In my experience over the last two years hotels are either same price OR less expensive due to AirBnBs bait and switch pricing. The taxes, cleaning fees, and random add ons are absurd.
In a recent example, staying at some Yurt for three days was $248. After taxes and fees it was around $515. Like wtf?!
I’m at the point where even if the pricing was flat, a hotel is 10X less hassle to deal with than AirBnB.
Airbnb was nice when it was just a way to rent someone’s extra bedroom for the night. I’ve met some amazing people this way.
Is couchsurfing still a thing?
it requires a paid subscription now, it’s not outrageously priced but it feels like it kind of goes against the ethos, and a lot of people have moved to alternatives like bewelcome
I honestly have no idea.
Gotta wonder if the competition from airbnb kept hotel prices lower. I do agree with you though.
I don’t think that really contradicts what they said though.
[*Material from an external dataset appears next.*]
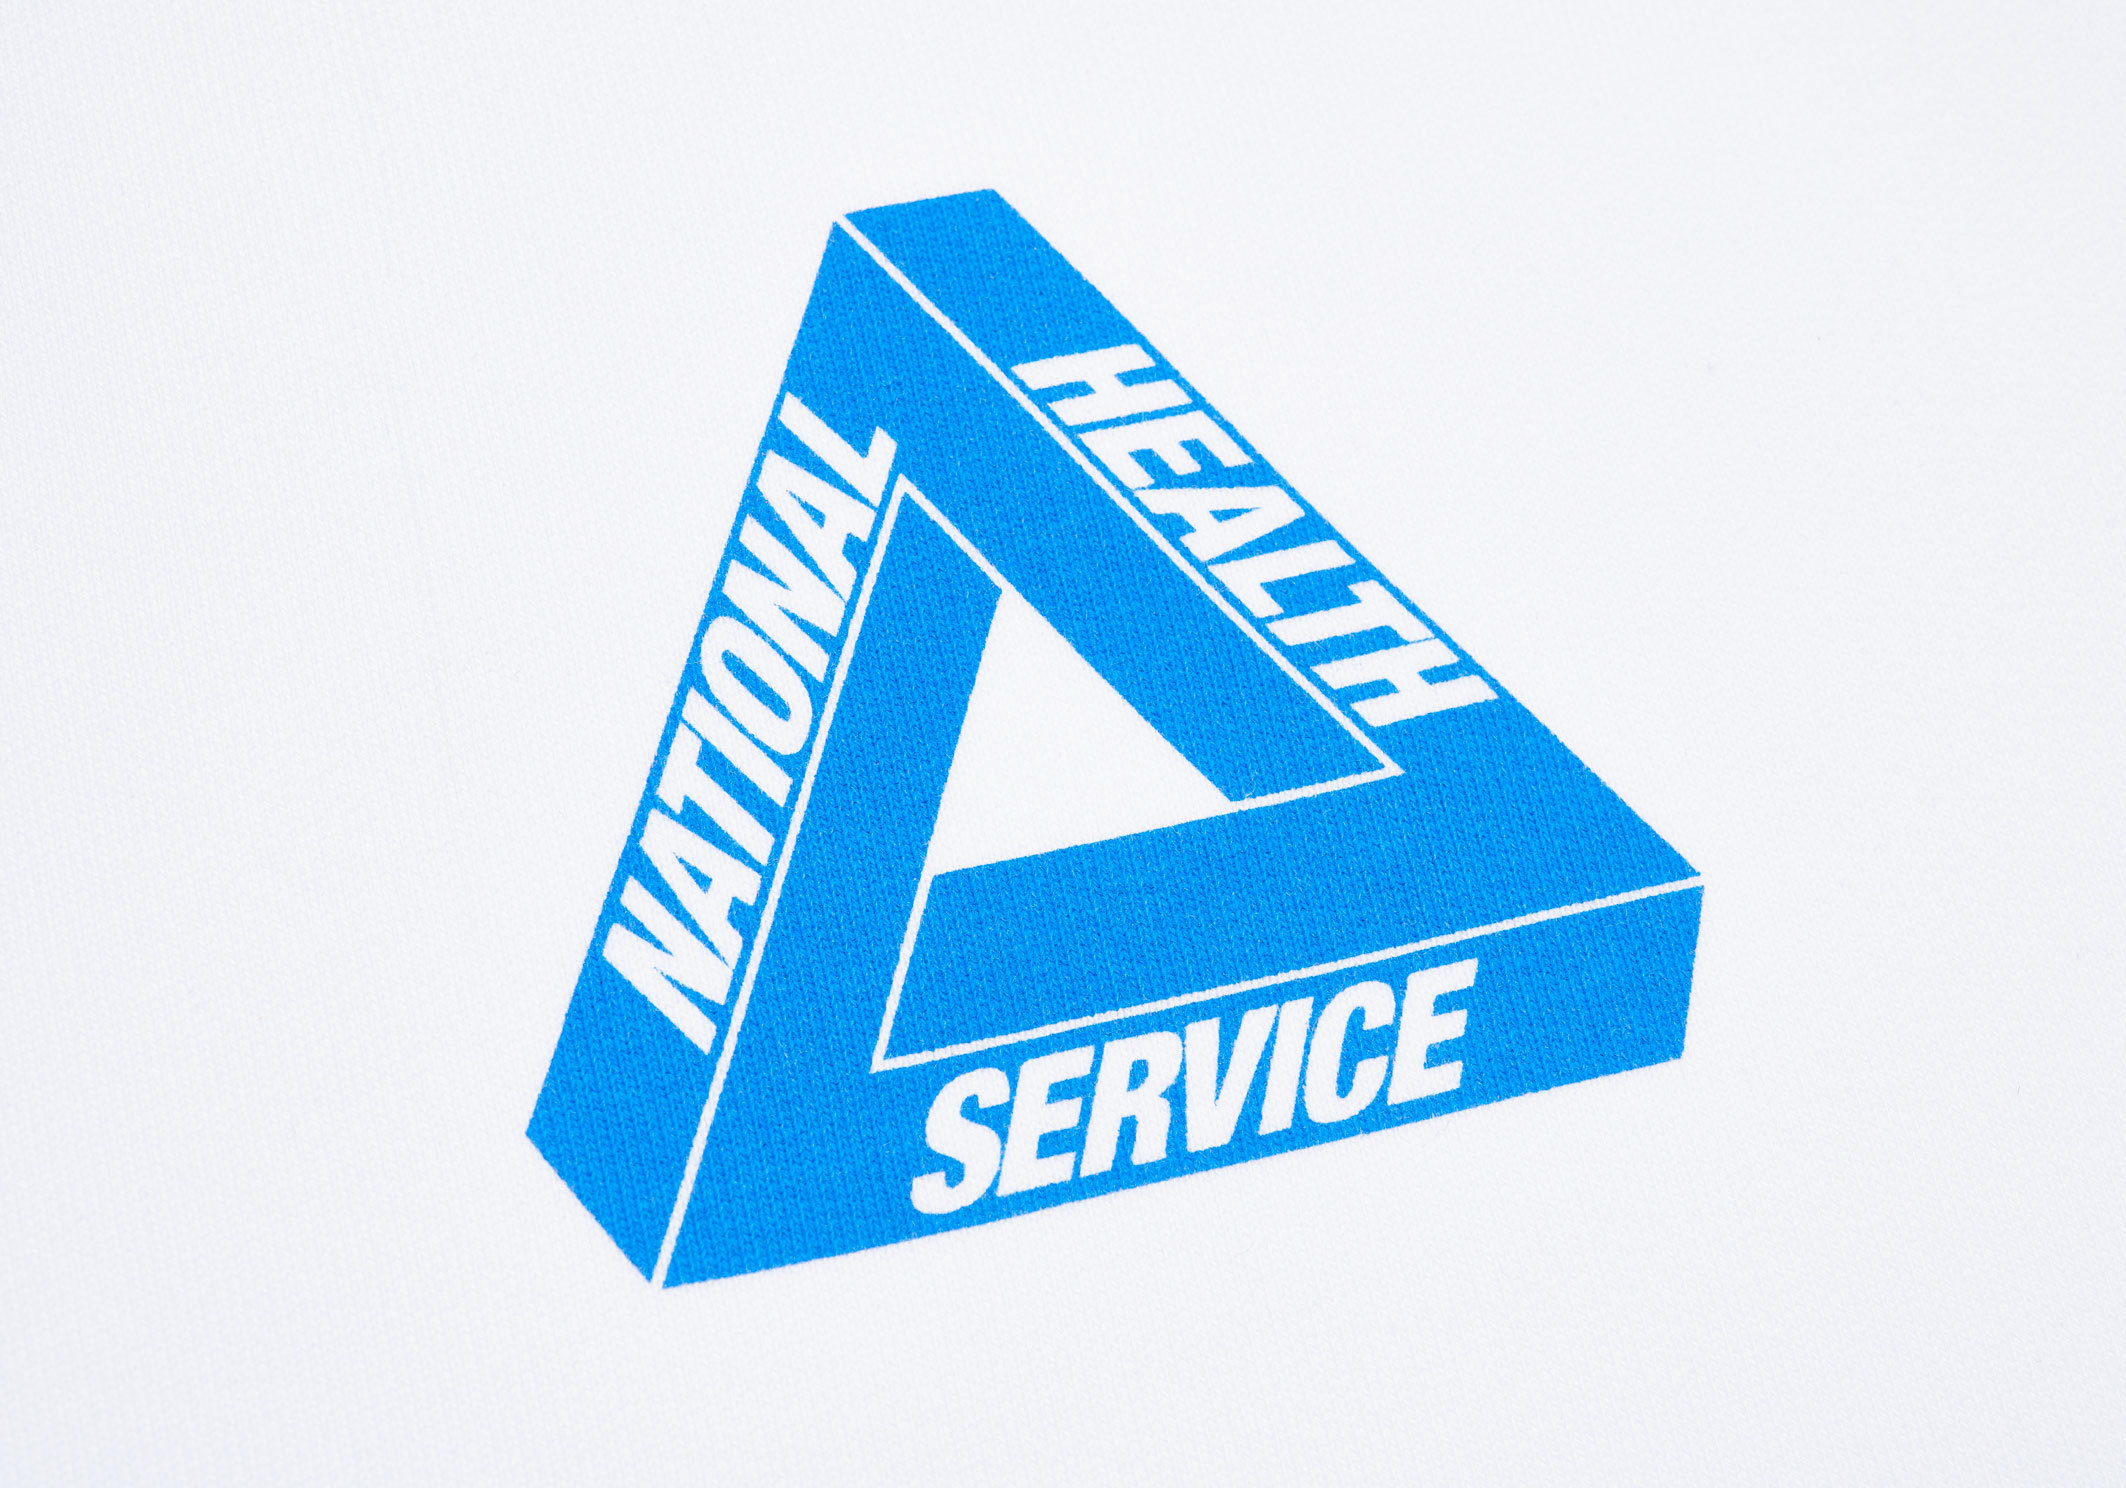 Palace is dropping an NHS charity collection on Friday - The Face
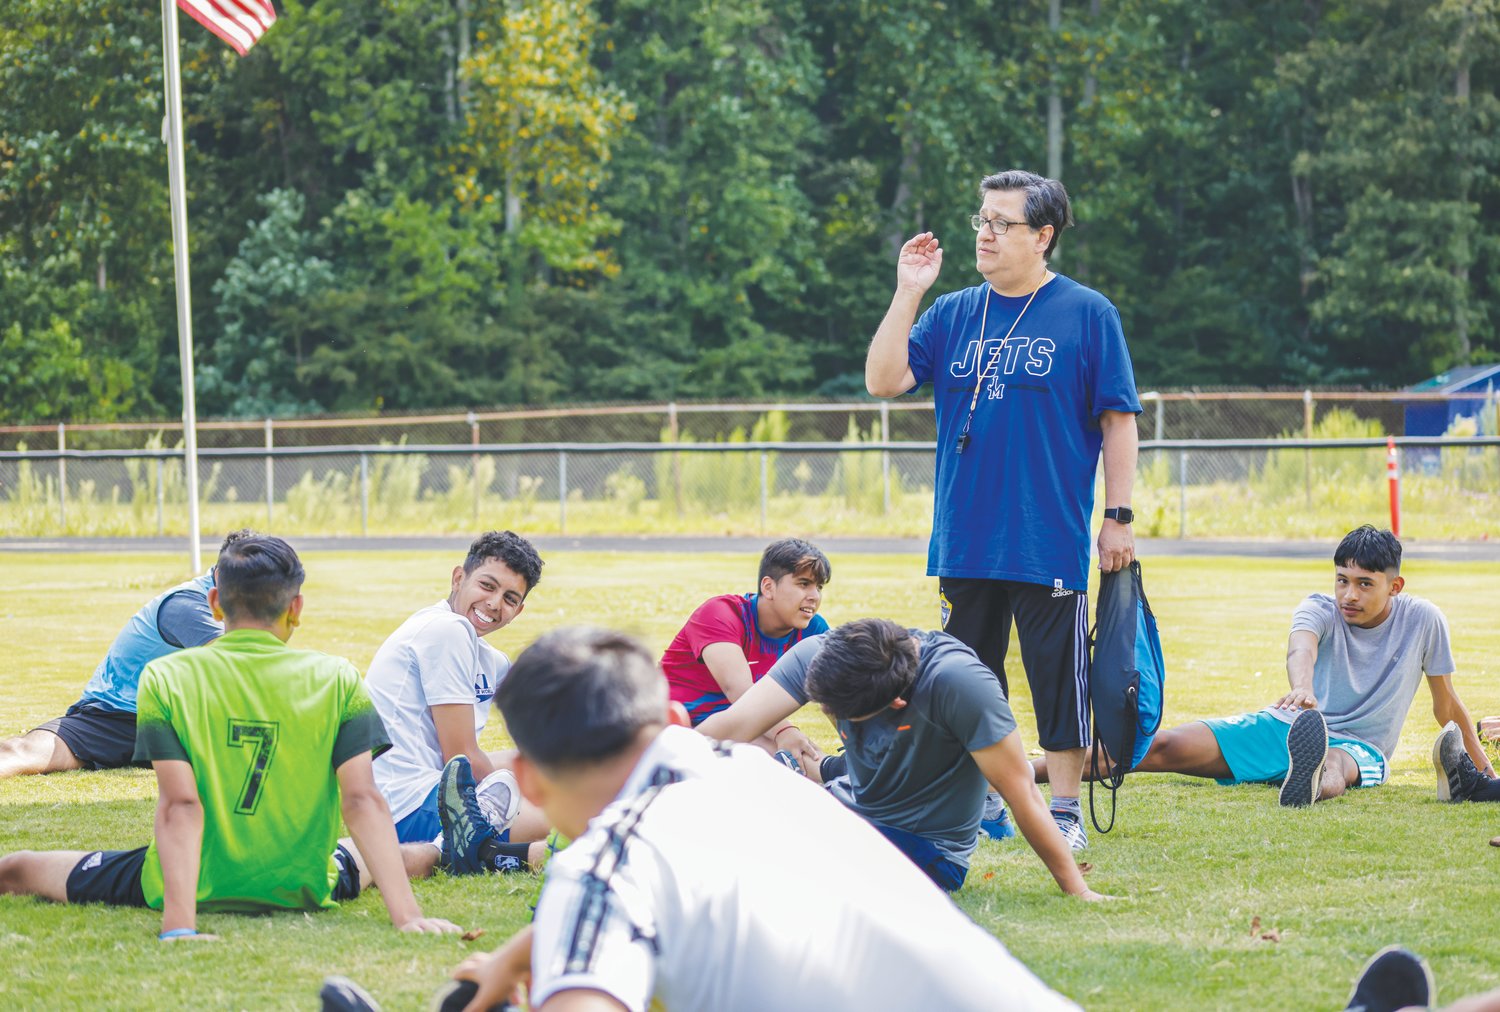 Jordan-Matthews head soccer coach Paul Cuadros gives instruction to his team during a workout.

It doesn’t matter which is more expensive, they both exist within the same market and removing supply will make what remains more expensive.
Then the change is working as intended - residential buildings should never have been pulled from the rental market to compete with hotels.
Kinda related I stopped renting cars many years ago because of this stuff. The price says X amount of dollars a day, the bill says 2X.
Rent via Costco. Somehow the prices your quoted is what you pay when you show up.